### SUPPLIED MATERIAL:
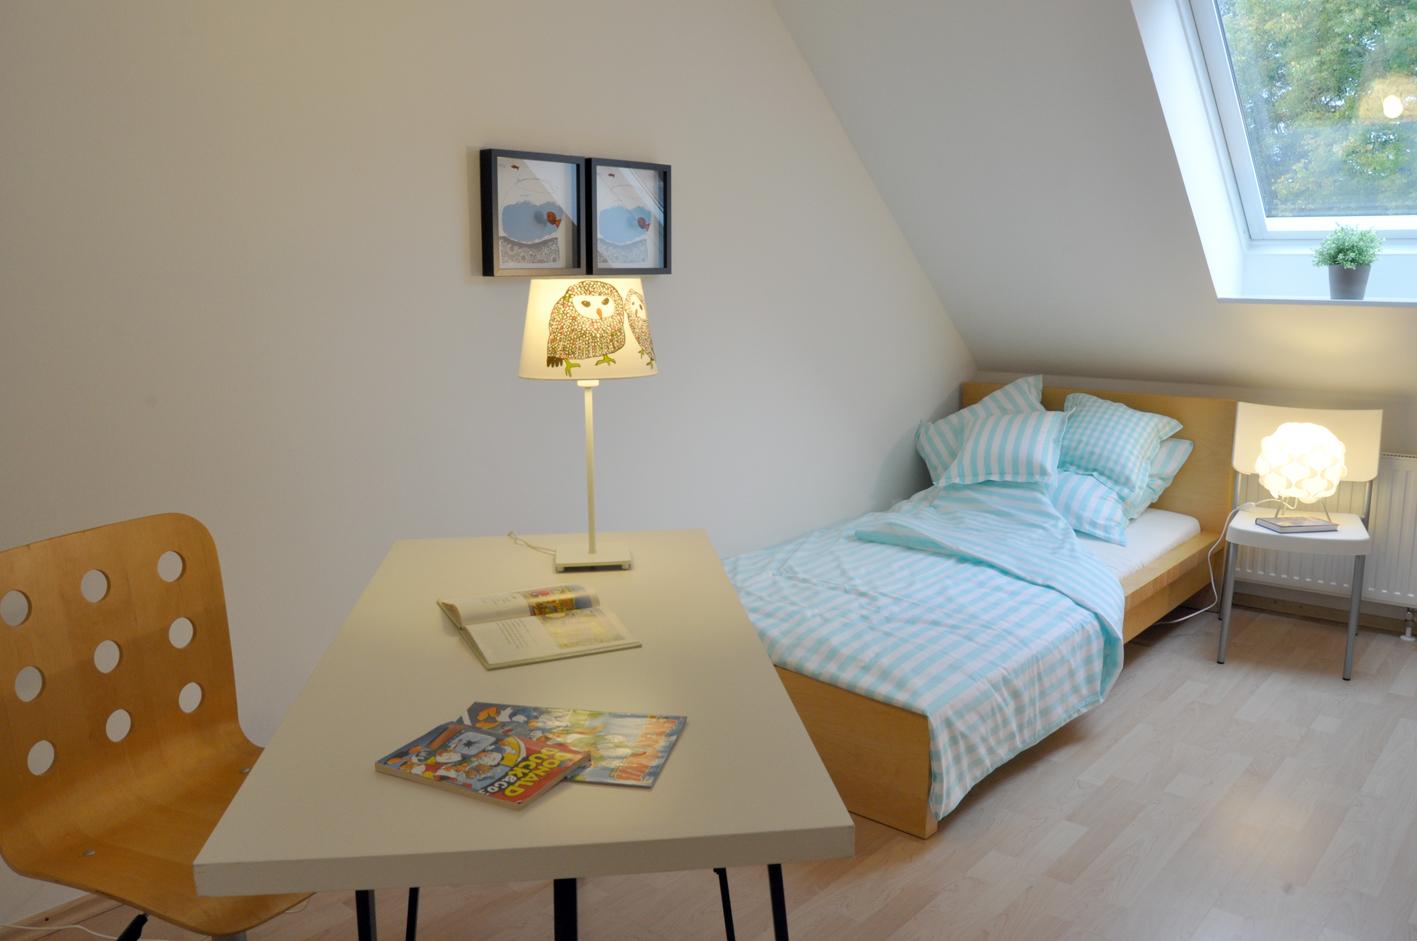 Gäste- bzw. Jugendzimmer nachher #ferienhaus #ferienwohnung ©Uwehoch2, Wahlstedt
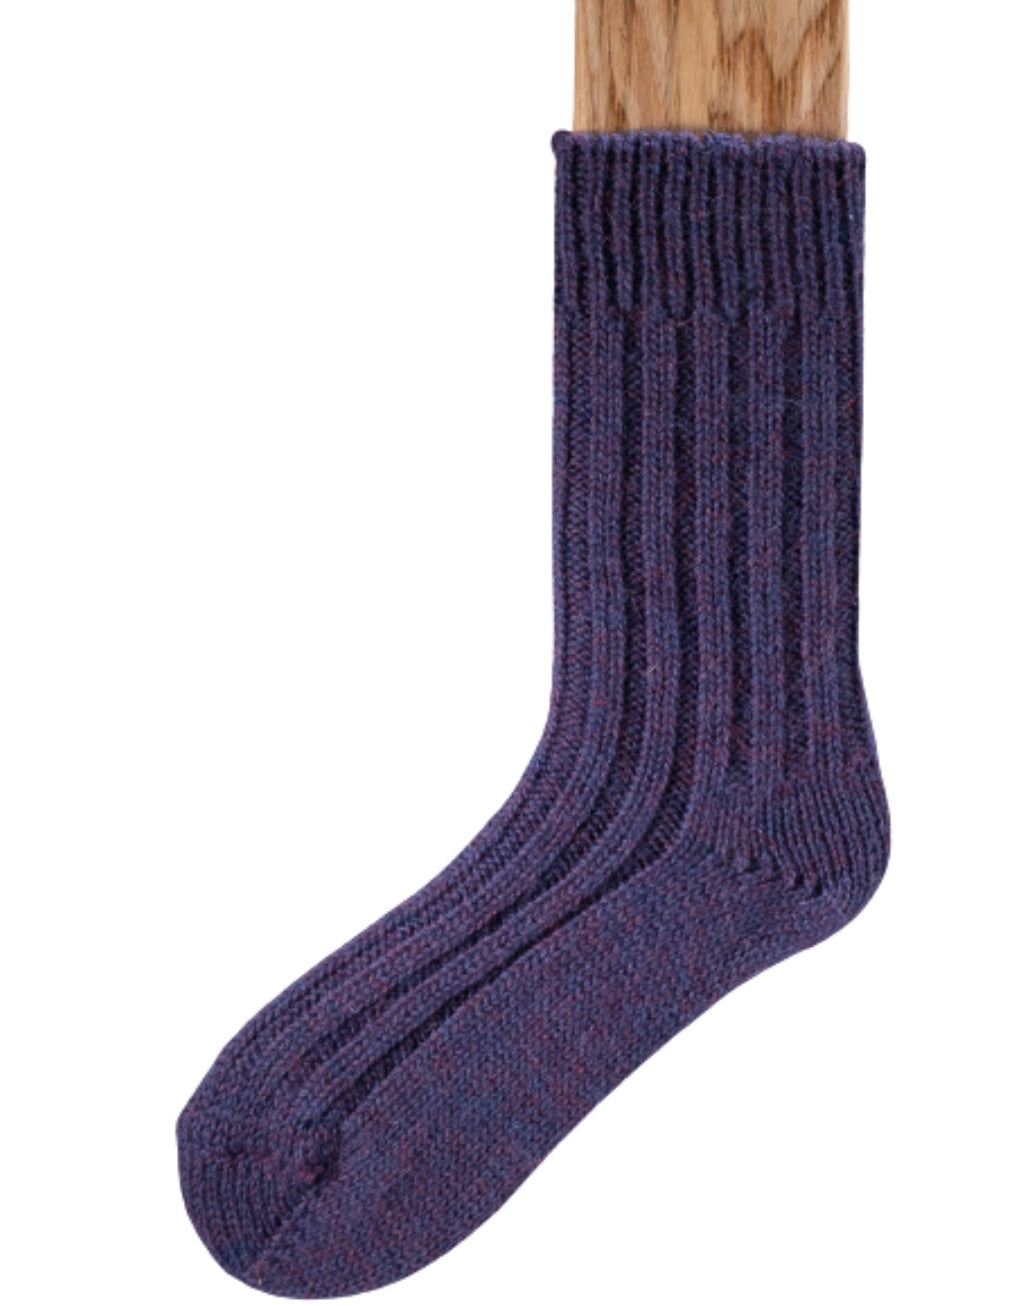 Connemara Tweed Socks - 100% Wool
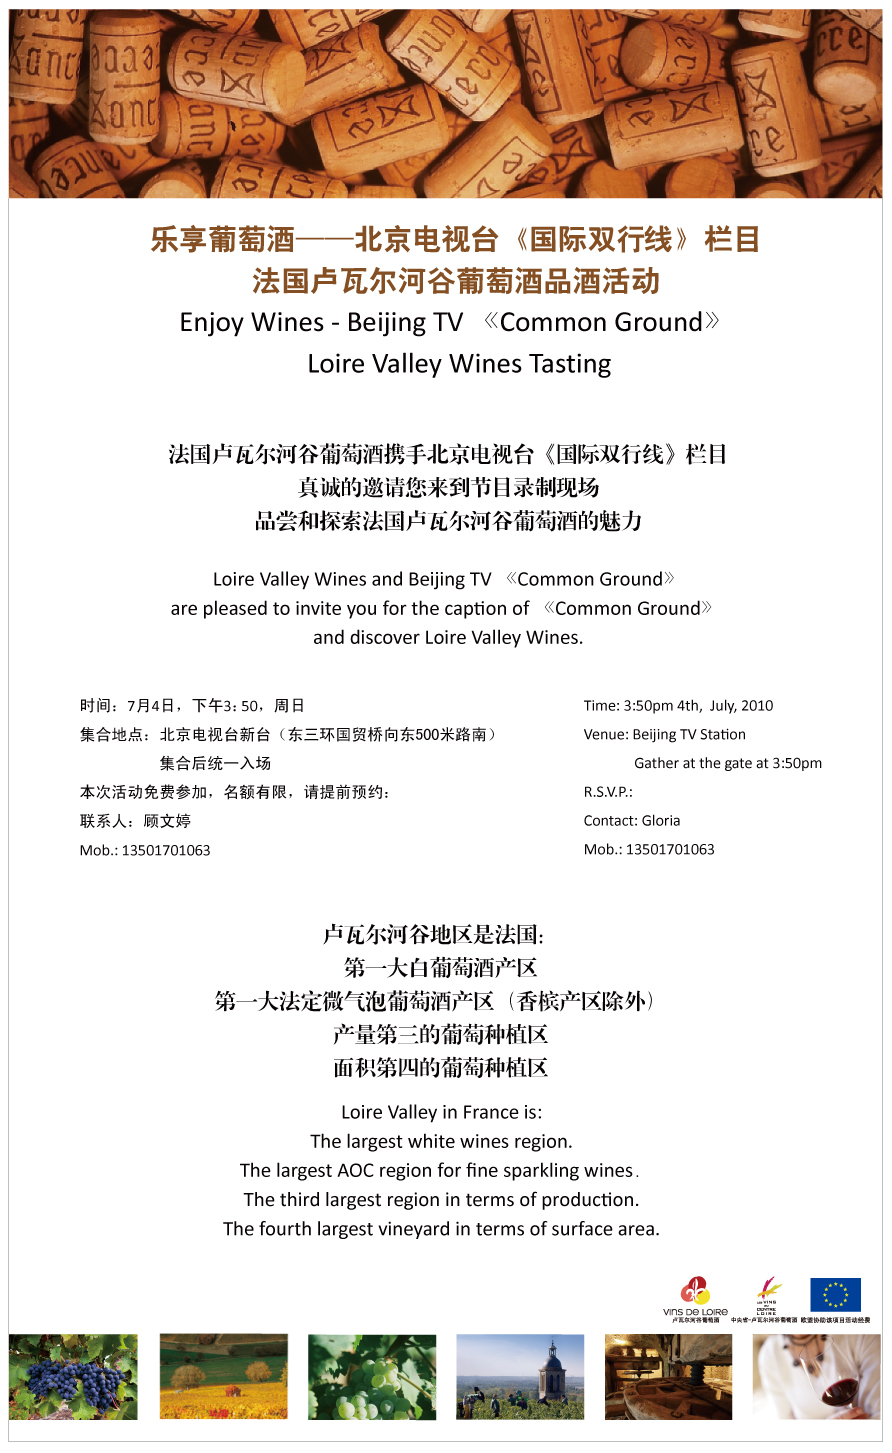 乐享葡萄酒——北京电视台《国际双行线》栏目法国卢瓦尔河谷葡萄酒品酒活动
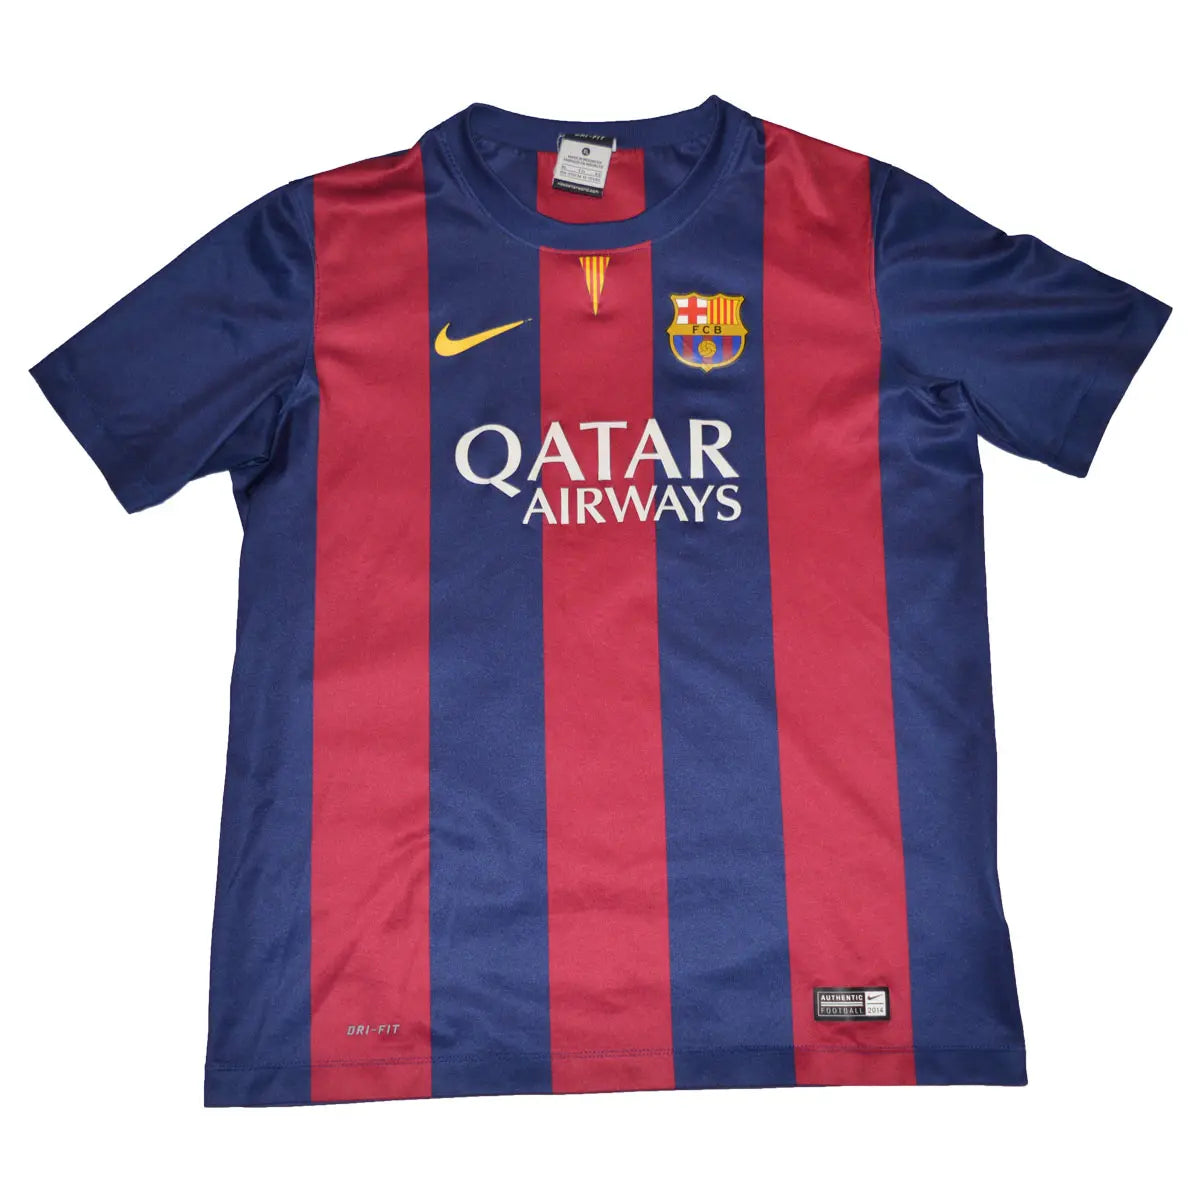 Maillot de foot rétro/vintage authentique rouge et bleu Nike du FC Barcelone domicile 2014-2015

### WHAT NEEDS TO BE DONE:
Your task is to copy exactly the lines from the line containing "乐享葡萄酒——北京电视台《国际双行线》栏目法国卢瓦尔河谷葡萄酒品酒活动" through the final line of the listing above and to omit every picture.

### RESULT:
 乐享葡萄酒——北京电视台《国际双行线》栏目法国卢瓦尔河谷葡萄酒品酒活动
 Maillot de foot rétro/vintage authentique rouge et bleu Nike du FC Barcelone domicile 2014-2015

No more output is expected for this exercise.